For it will soon start storing all the available crop seeds across the world n a cavern under a remote Arctic mountain.
Dynamited out of a mountainside on Spitsbergen island around 1,000 km (600 miles) from the North Pole, the store has been called a doomsday vault or a Noah's Ark of the plant kingdom.
It is the brainchild of a soft-spoken academic from Tennessee who is passionate about securing food for the masses, and will back up seed stores around the world that are vulnerable to loss through war or disaster.
A 20-metre (66-foot) long concrete entrance, still under scaffolding, juts out of the snow-dusted mountain above the coal-mining town of Longyearbyen.

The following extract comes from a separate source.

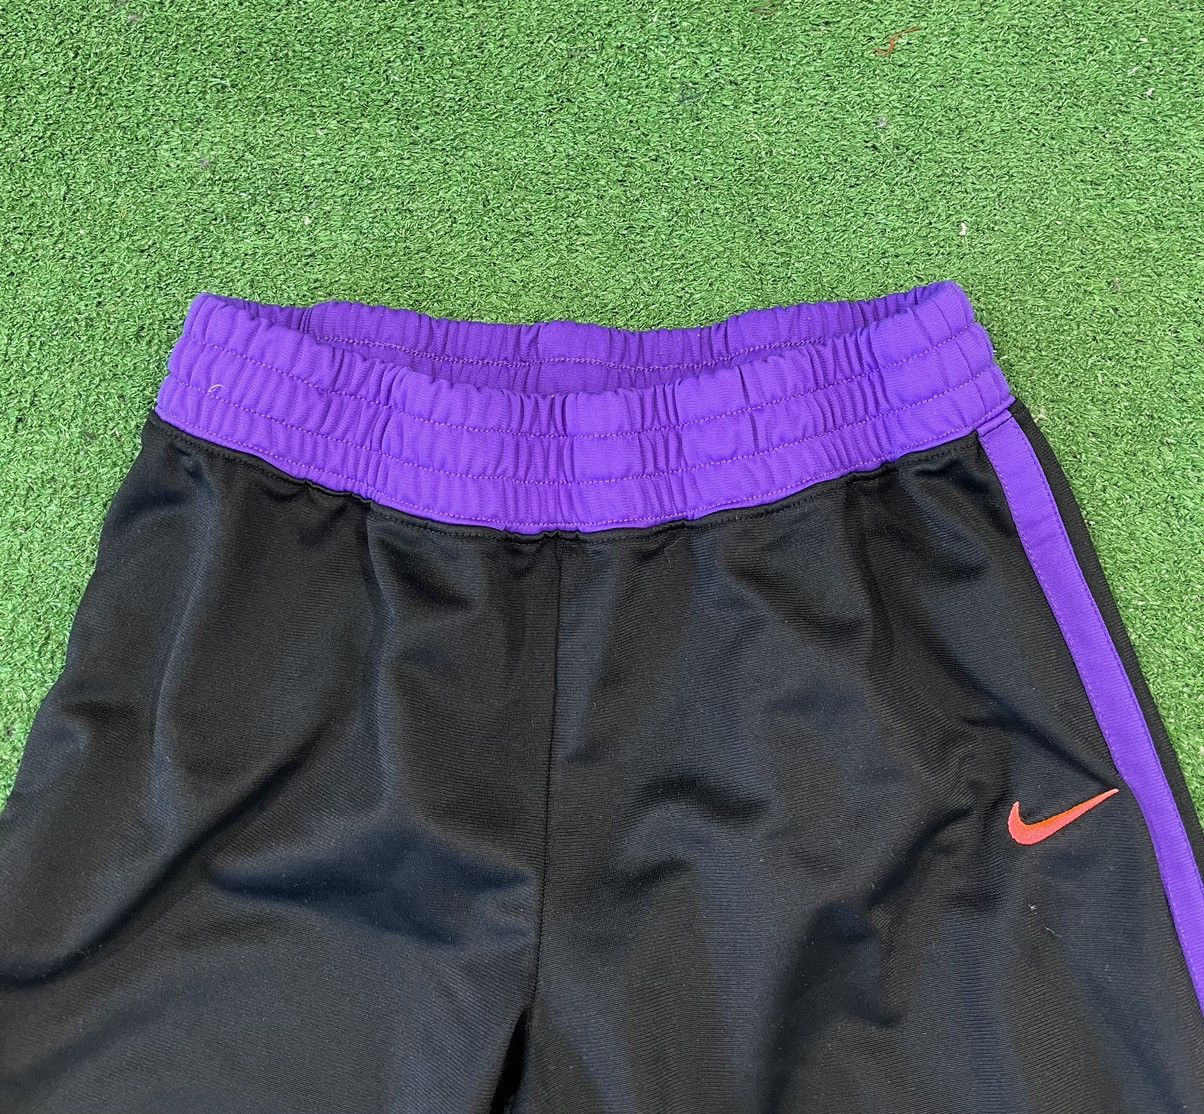 Nike Nike sweatpants Swoosh Vintage Size US 26 / EU 42 - 3 Thumbnail

It is reached by a switchback road rising to 120 meters above sea level, offering spectacular views of the fjord below and snow-capped Arctic mountains beyond.
Visitors descend through the mouth of a gently sloping 40-metre steel tube into the frosty cavern which smells of new cement and is dotted with portable lamps as work progresses for February's opening.
"There aren't going to be any better storage conditions than what we will provide here," founder Cary Fowler told reporters during a recent visit to the site in the Svalbard archipelago off northern Norway. "This is a safety deposit box, like in a bank, where you put your valuables."